++++ Data records
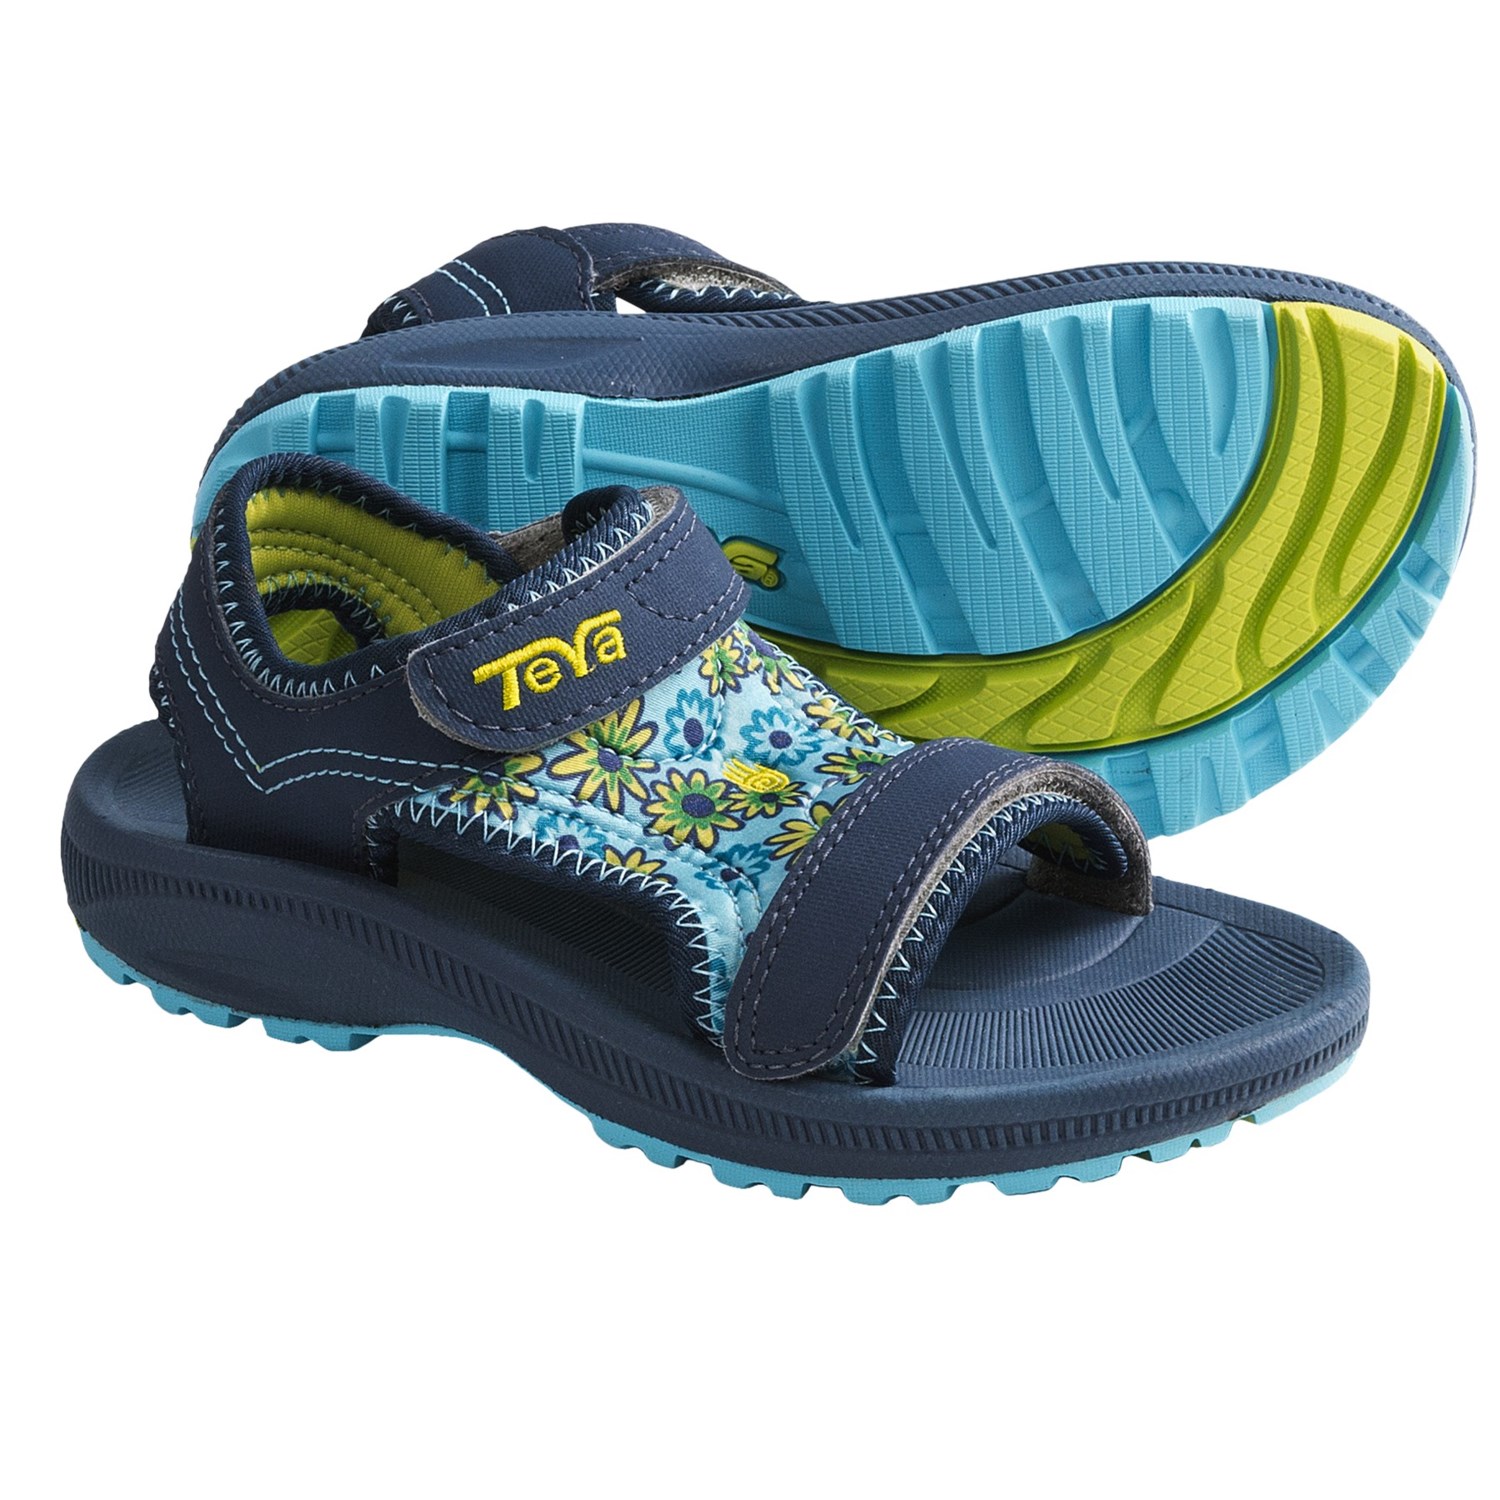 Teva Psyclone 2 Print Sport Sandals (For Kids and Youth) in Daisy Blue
++++++++
++++ Data records
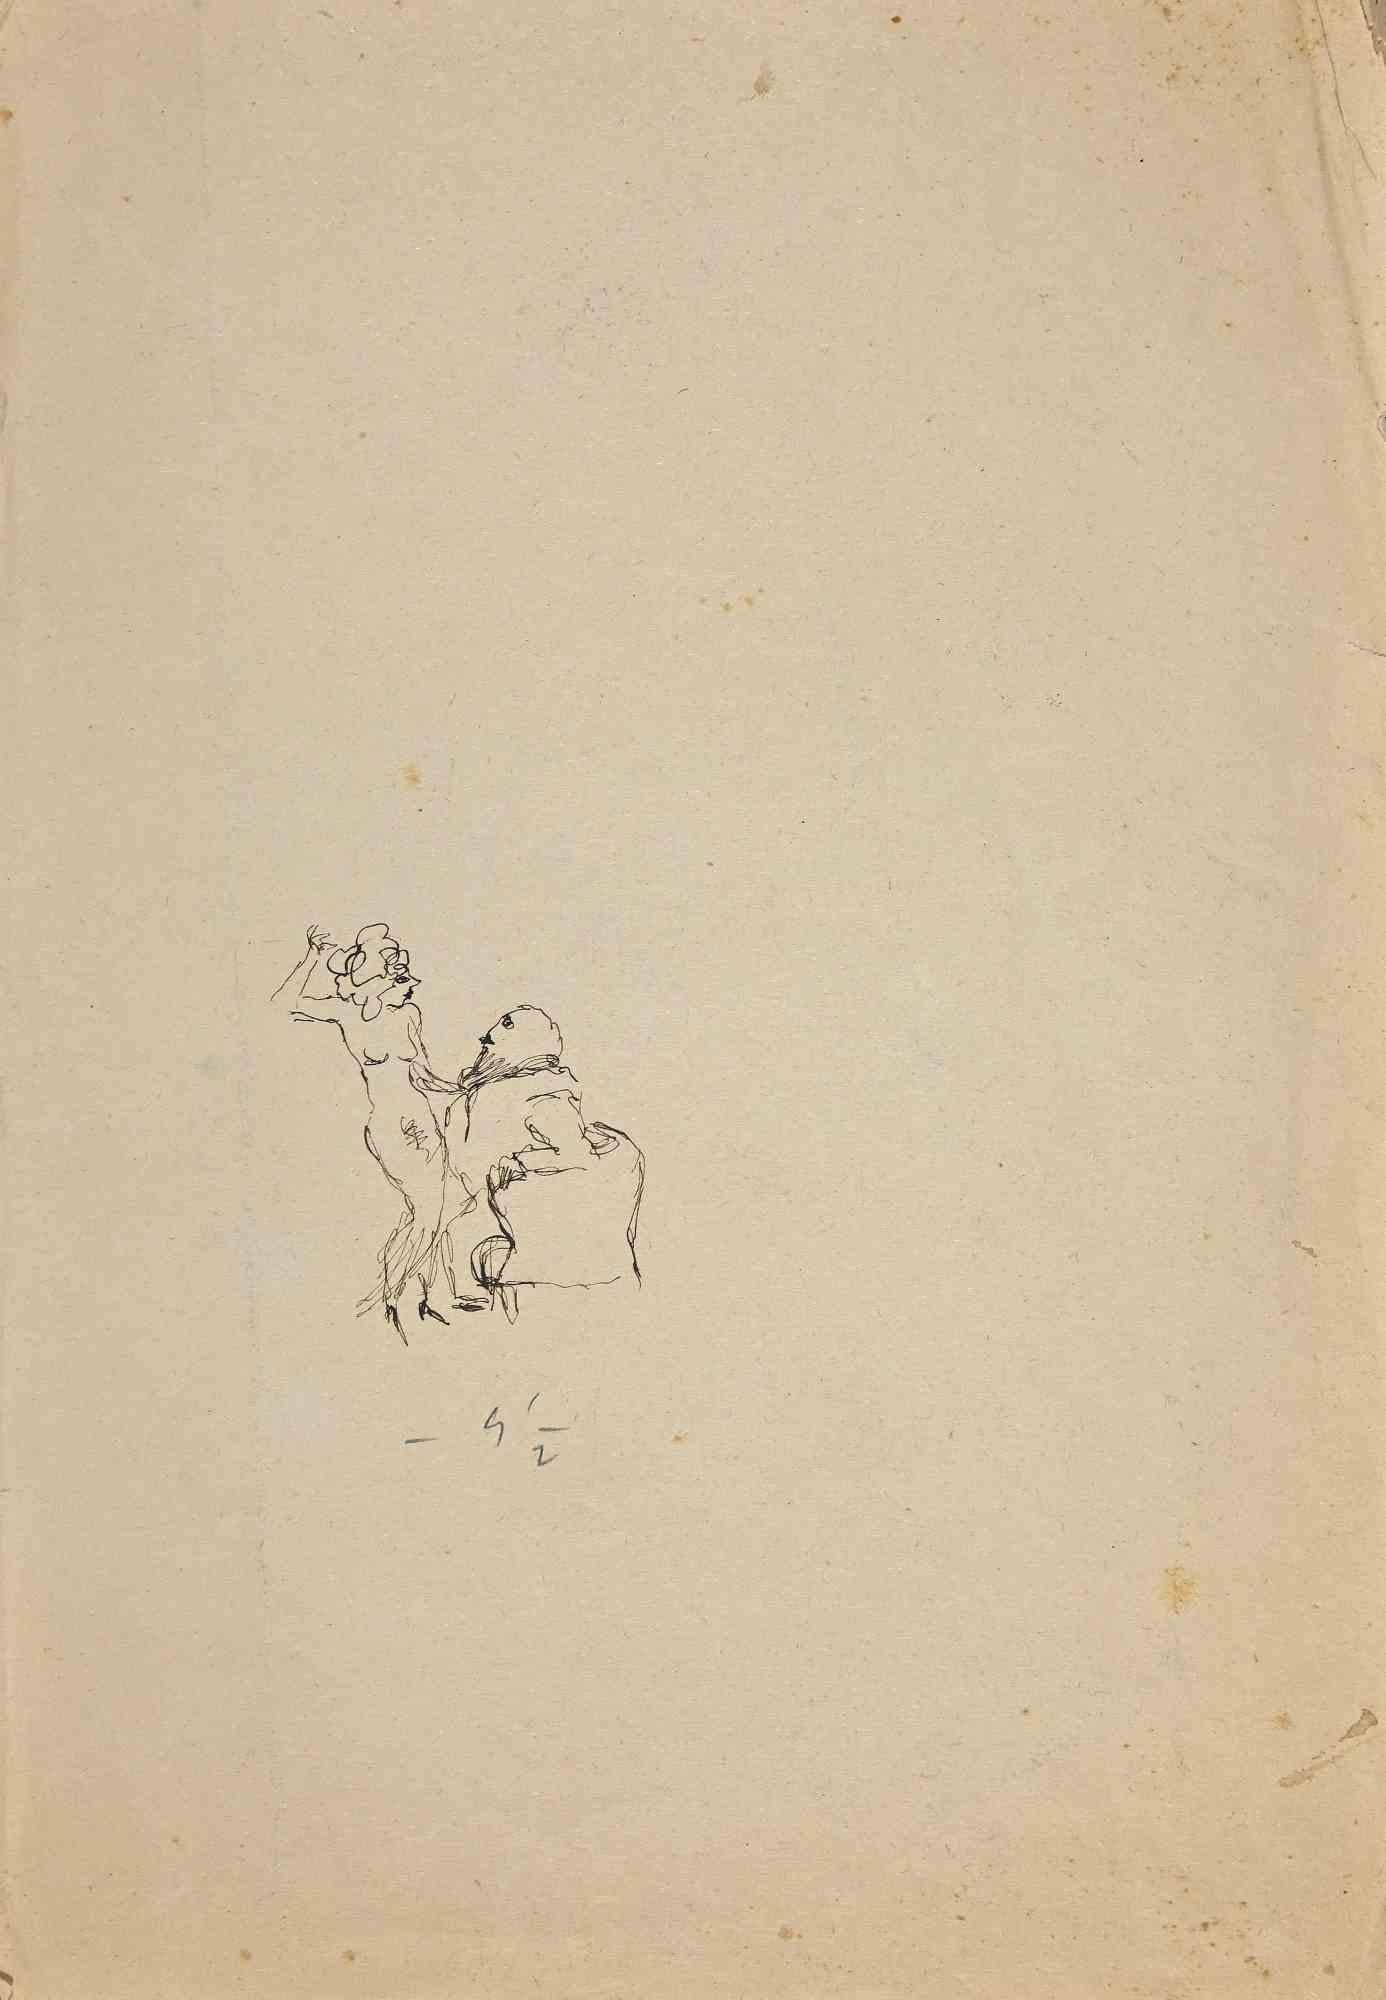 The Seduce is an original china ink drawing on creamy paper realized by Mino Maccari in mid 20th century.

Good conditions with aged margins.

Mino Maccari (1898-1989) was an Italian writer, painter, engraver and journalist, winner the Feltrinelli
++++++++
◆ Your task: Copy exactly the part of the material above that opens with the line containing "The Seduce is" and closes with the line containing "Mino Maccari (1898-1989)", ends included. Drop the images.

◆ Solution for this exercise:
 The Seduce is an original china ink drawing on creamy paper realized by Mino Maccari in mid 20th century.

Good conditions with aged margins.

Mino Maccari (1898-1989) was an Italian writer, painter, engraver and journalist, winner the Feltrinelli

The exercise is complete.